Comme l’œnologie, il existe la « chocologie » pour définir les goûts, les associations possibles, le pays d’où provient la fève et le climat de l’année. Avec le chocolat, on voyage ! Il existe trois variétés de cacao : le Forastero, qui représente plus de 80% de la culture mondiale, le Trinitarios, plus noble, puissant et riche en arômes et le Criollo, le plus raffiné et le plus doux.

Au laboratoire, le sucre est ajouté en toute fin de processus pour devenir enfin chocolat, décliné en tablette, bonbon ou praliné. La « ligne d’enrobage » permettra d’enrober les intérieurs d’autres petits chocolats aromatisés. Les intérieurs sont aussi faits-maison et nous contrôlons les origines de notre sucre. La traçabilité et la qualité des produits font partie de notre état d’esprit.

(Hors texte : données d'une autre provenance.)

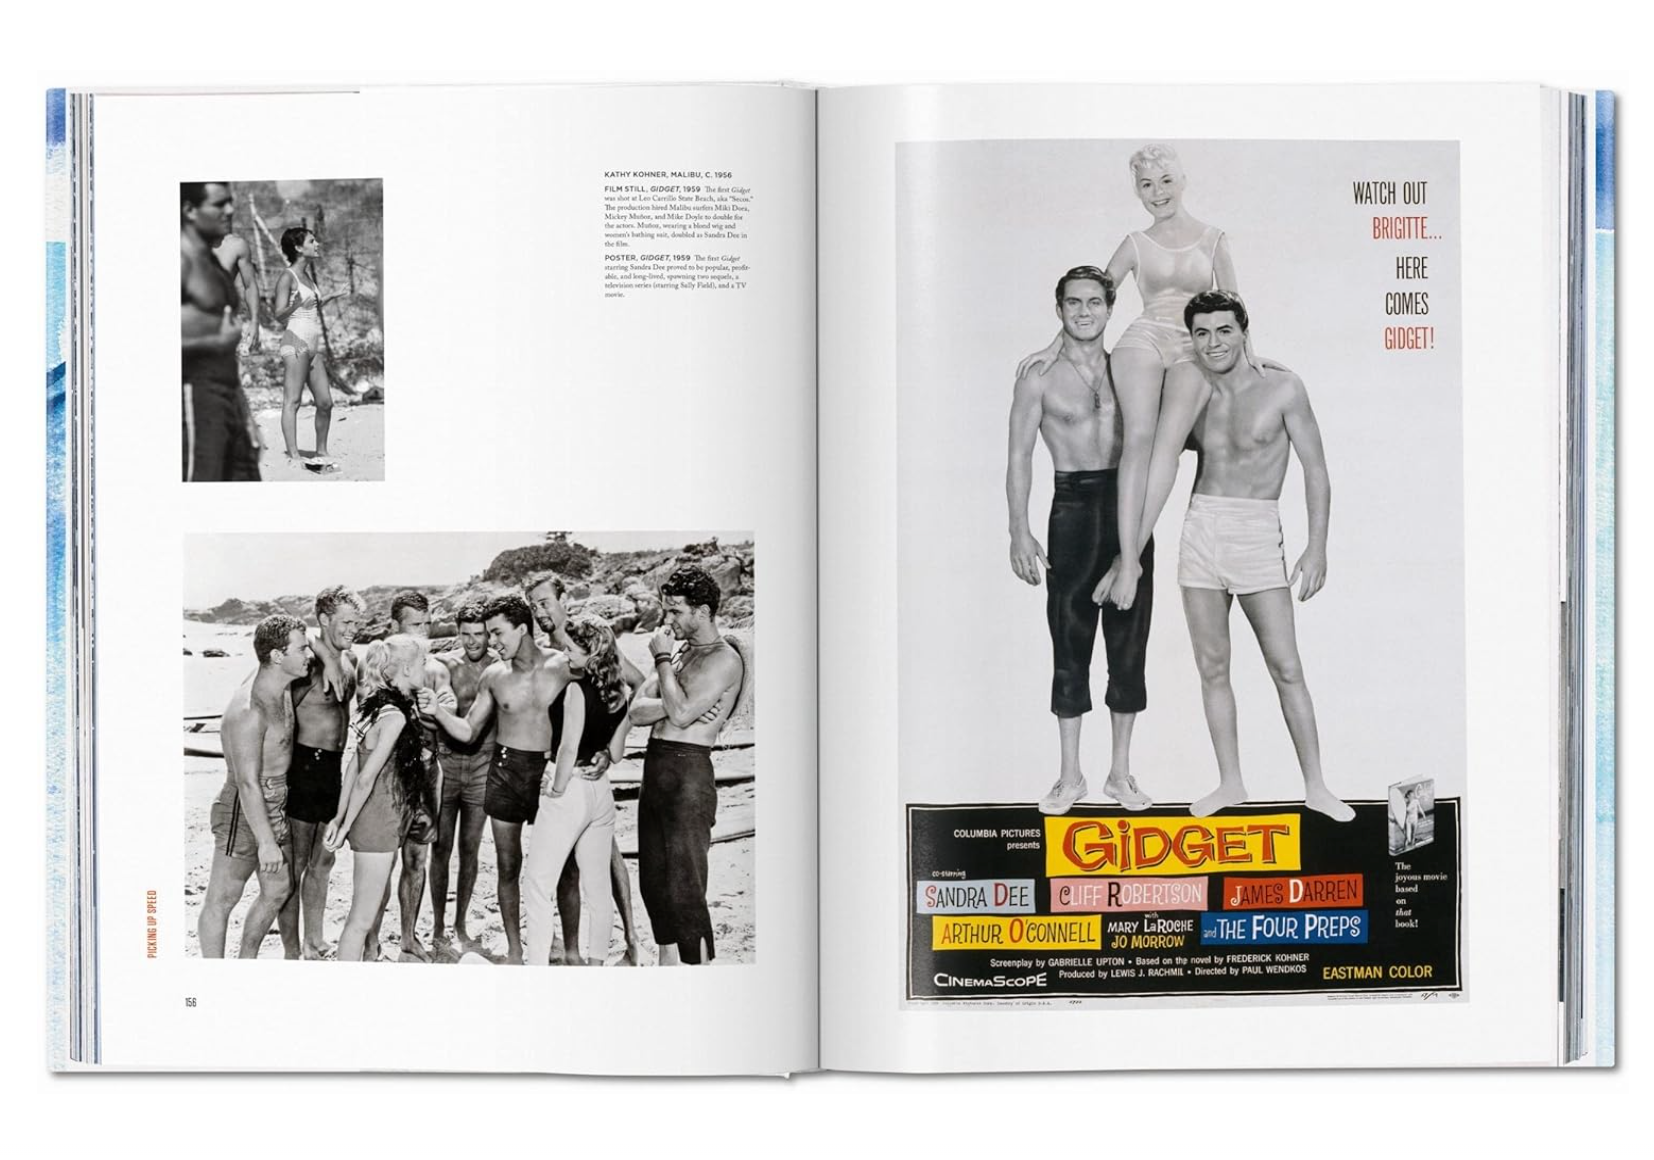 Open Breitling Book of Surfing displaying two pages; left page features historical black-and-white photos of people at a beach in Scottsdale, Arizona and some text, while the right page shows a vintage movie poster for the film "Gidget.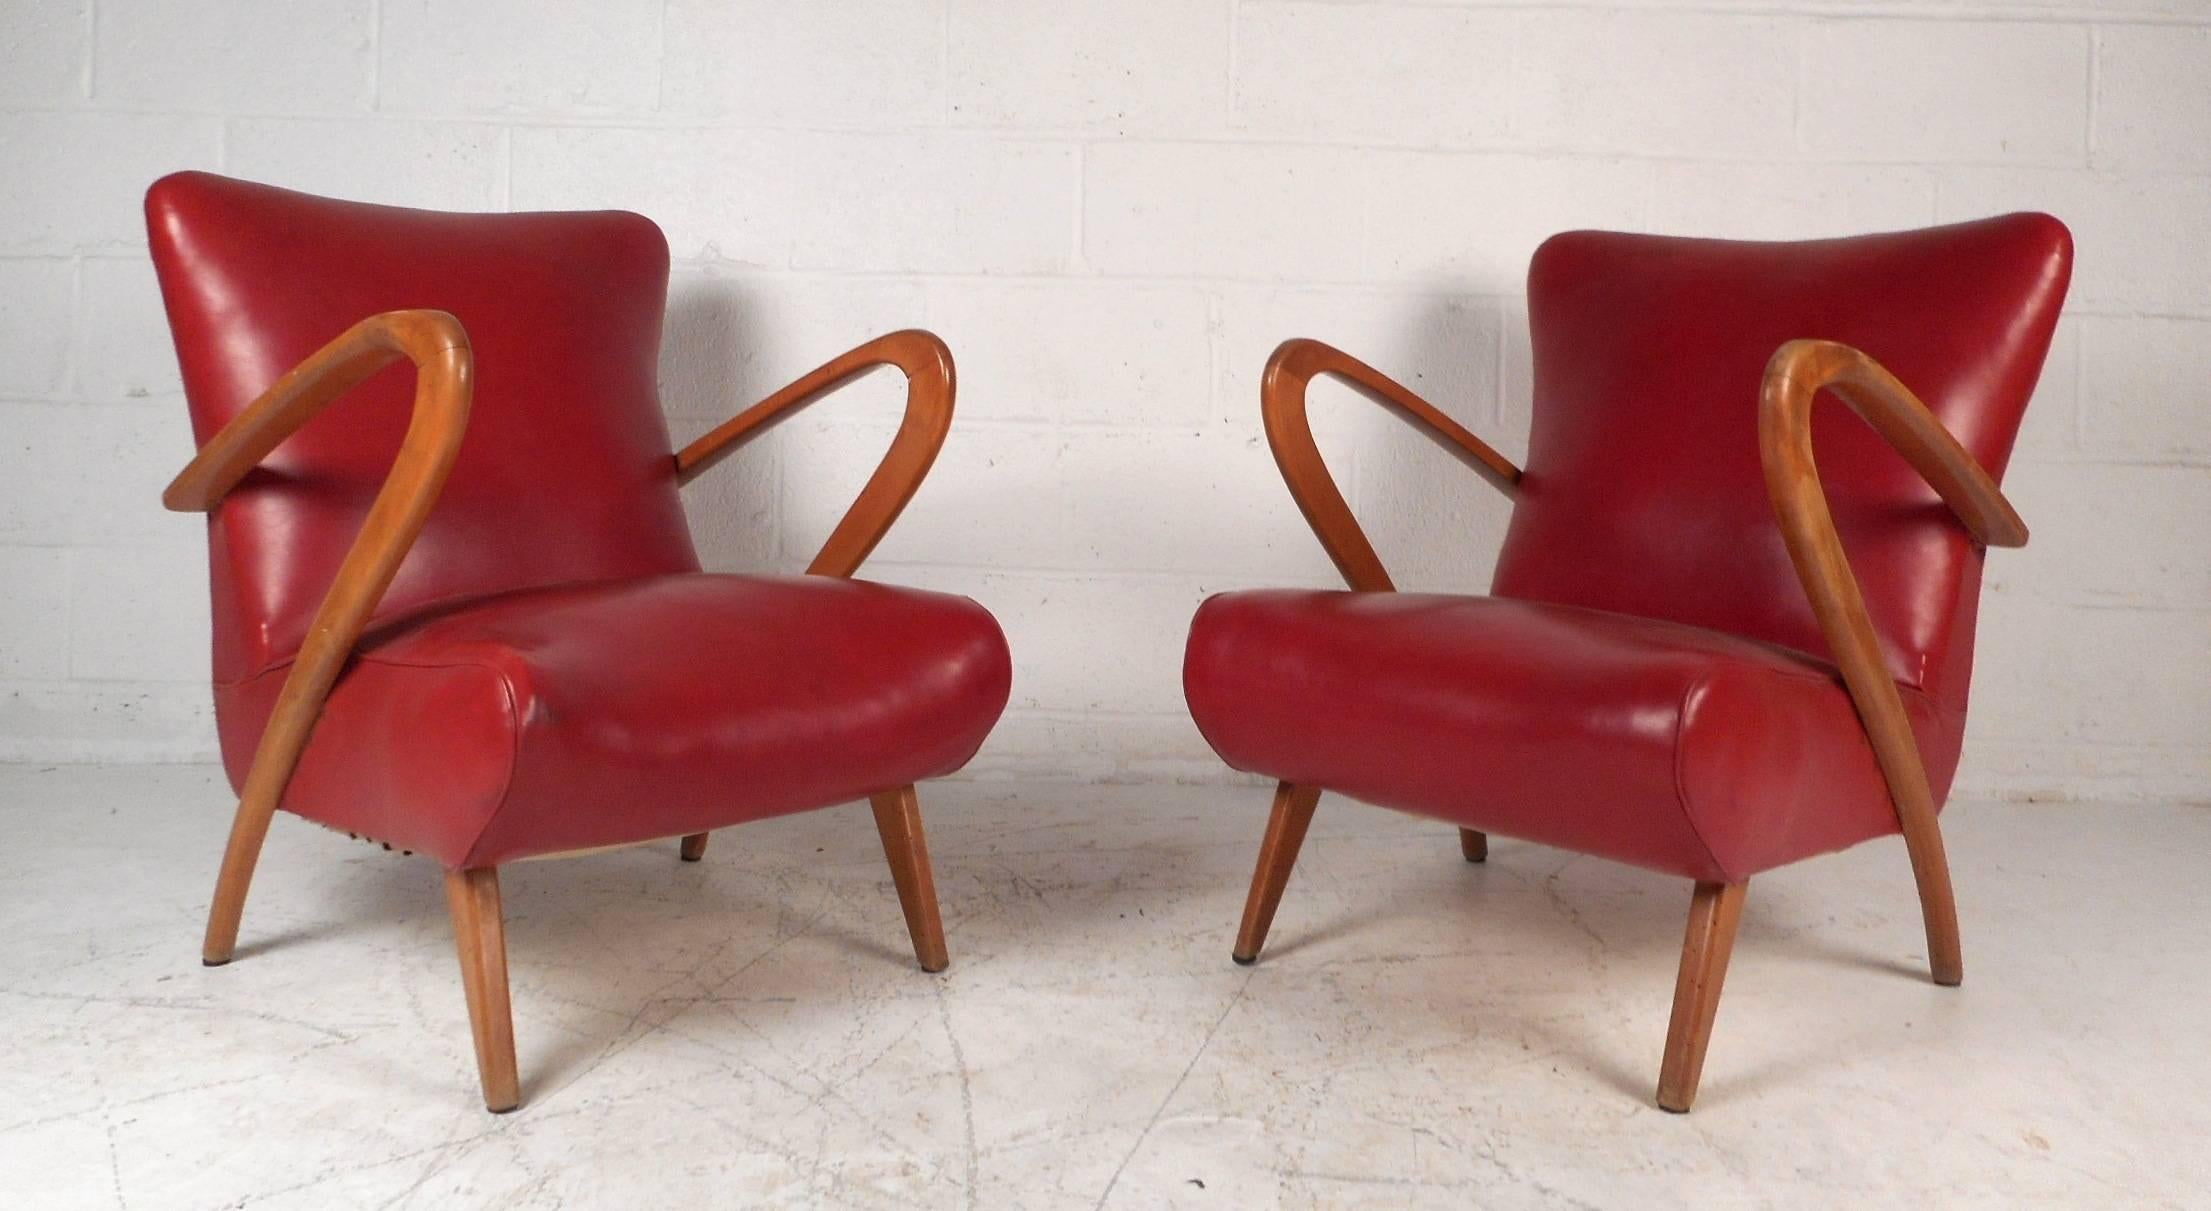 This beautiful vintage modern pair of lounge chairs feature sculptural armrests, angled legs, and elegant light wood grain. This comfortable pair have thick padded seating and elegant red vinyl upholstery. Sleek design has the perfect contours for

Le consommateur s’attache de plus en plus aux retours aux sources, aux origines, aux produits locaux, et c’est tant mieux !

Déjà réputés pour doper le moral et lutter contre la fatigue, la poudre de cacao et le chocolat noir sont aussi riches en antioxydants et ont des effets protecteurs pour le cœur. Ils regorgent également de nutriments, minéraux et oligo-éléments qui contribuent à la défense immunitaire et participent à la croissance et à la régénérescence des tissus. Les fèves de cacao sont aussi riches en flavonoïdes, des molécules qui combattent les radicaux libres présents dans l’organisme et limitent l’apparition du mauvais cholestérol.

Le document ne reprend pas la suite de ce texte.